# Ravel's Boléro and House Work



## Klassic (Dec 19, 2015)

The prize for writing the greatest piece of music to clean your house to goes to Ravel. Am I the only one who finds this piece to be the perfect compliment to any menial task which must be performed?


----------



## Weston (Jul 11, 2008)

Music doesn't go with my menial tasks. I prefer science podcasts for that. If I listened to Bolero I'm afraid I'd zone out and go at my natural puttering pace. Bolero, along with Kilar's Exodus, is great for a leisurely bike ride on the greenway however.


----------



## Strange Magic (Sep 14, 2015)

I think I've mentioned this before, but I always used to completely clean and re-set-up my fish tank to the sound of Respighi's _Ancient Airs and Dances_, a very lovely piece of music, by the way.


----------



## Pugg (Aug 8, 2014)

I prefer Johan Strauss waltzes whilst cleaning up, makes me more happy :lol:


----------



## elgar's ghost (Aug 8, 2010)

If I could get all my chores done in the time it takes to play _Bolero_ then I'd be delighted.


----------



## TurnaboutVox (Sep 22, 2013)

Any Bruckner scherzo on 'loop' play will do to accompany a walk (I don't need externally supplied music for this!)


----------



## Dr Johnson (Jun 26, 2015)

Mrs Johnson doesn't like Ravel.


----------



## hpowders (Dec 23, 2013)

The final movement of Mozart's Eine Kleine Nachtmusik gets me sweeping fast. The Ravel, maybe if I wanted to sweep in slow motion.


----------



## Kivimees (Feb 16, 2013)

hpowders said:


> The final movement of Mozart's Eine Kleine Nachtmusik gets me sweeping fast. The Ravel, maybe if I wanted to sweep in slow motion.


I'll try it out the next time I sweep. Do you have any suggestions for making the bed? Cleaning the toilet?


----------



## TurnaboutVox (Sep 22, 2013)

Kivimees said:


> I'll try it out the next time I sweep. Do you have any suggestions for making the bed? *Cleaning the toilet?*


I'd suggest something fast, brief and violently abrasive (now, why does the first movement of Webern's 5 Movements, Op. 5 come to mind here?)


----------



## drnlaw (Jan 27, 2016)

Almost strictly opera while doing household or lawn chores that don't require the use of much of my brain.


----------



## kartikeys (Mar 16, 2013)

Beethoven's Seventh Final Movement - destroy the pillows and let the house work go to hell!


----------



## Badinerie (May 3, 2008)

I love Ravel, but nope......Wagner Overtures. The perfect antidote to Housework!


----------



## Arsakes (Feb 20, 2012)

It's 15 minutes and from around the 10th minute it's the Violinists turn, then it becomes very loud with brass... like it says your time is almost up to finish your work!


----------



## Badinerie (May 3, 2008)

Unfortunately my house usually needs a bit more than 15 minutes...I have a 15 year old daughter. God forgive me!


----------



## Klassic (Dec 19, 2015)

Badinerie said:


> Unfortunately my house usually needs a bit more than 15 minutes...I have a 15 year old daughter. God forgive me!
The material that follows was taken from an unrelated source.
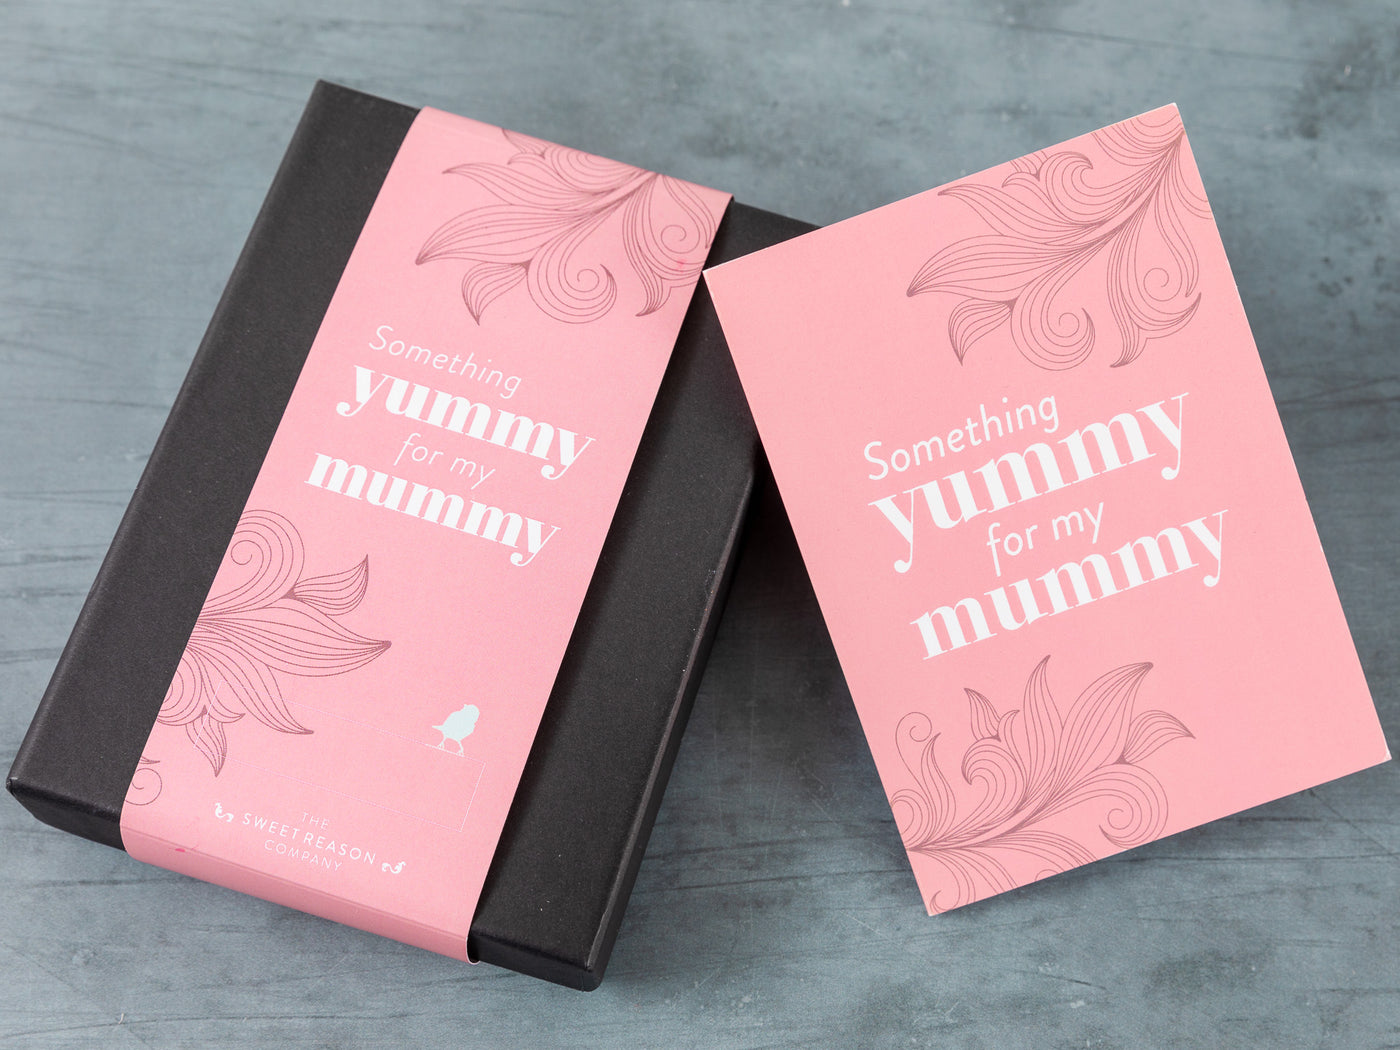 Yummy Mummy Gluten Free Luxury Brownie Gift

I just repeat the damn thing until all menial work is done.


----------



## dsphipps100 (Jan 10, 2016)

Pugg said:


> I prefer Johan Strauss waltzes whilst cleaning up, makes me more happy :lol:


Be careful about accidentally going in circles with the vacuum cleaner during waltzes.....


----------



## dsphipps100 (Jan 10, 2016)

TurnaboutVox said:


> Kivimees said:
> 
> 
> > I'll try it out the next time I sweep. Do you have any suggestions for making the bed? Cleaning the toilet?
> ...


Beethoven's "Rage Over a Lost Penny"









View attachment 81786


----------



## Triplets (Sep 4, 2014)

Whenever my toilet clogs up, I love listening to Wagner while I work the plunger


----------



## Guest (Feb 23, 2016)

Dr Johnson said:


> Mrs Johnson doesn't like Ravel.


Got a nice bit of sexism under the radar there!


----------



## Dr Johnson (Jun 26, 2015)

dogen said:


> Got a nice bit of sexism under the radar there!


----------



## Becca (Feb 5, 2015)

Richard Strauss' _Sinfonia Domestica_?!


----------



## Badinerie (May 3, 2008)

Groan! ^^^^^^^^^


----------



## Bulldog (Nov 21, 2013)

If I'm playing music while house cleaning, I soon forget about the cleaning and concentrate fully on the music. TV cable news is the route I take when cleaning.


----------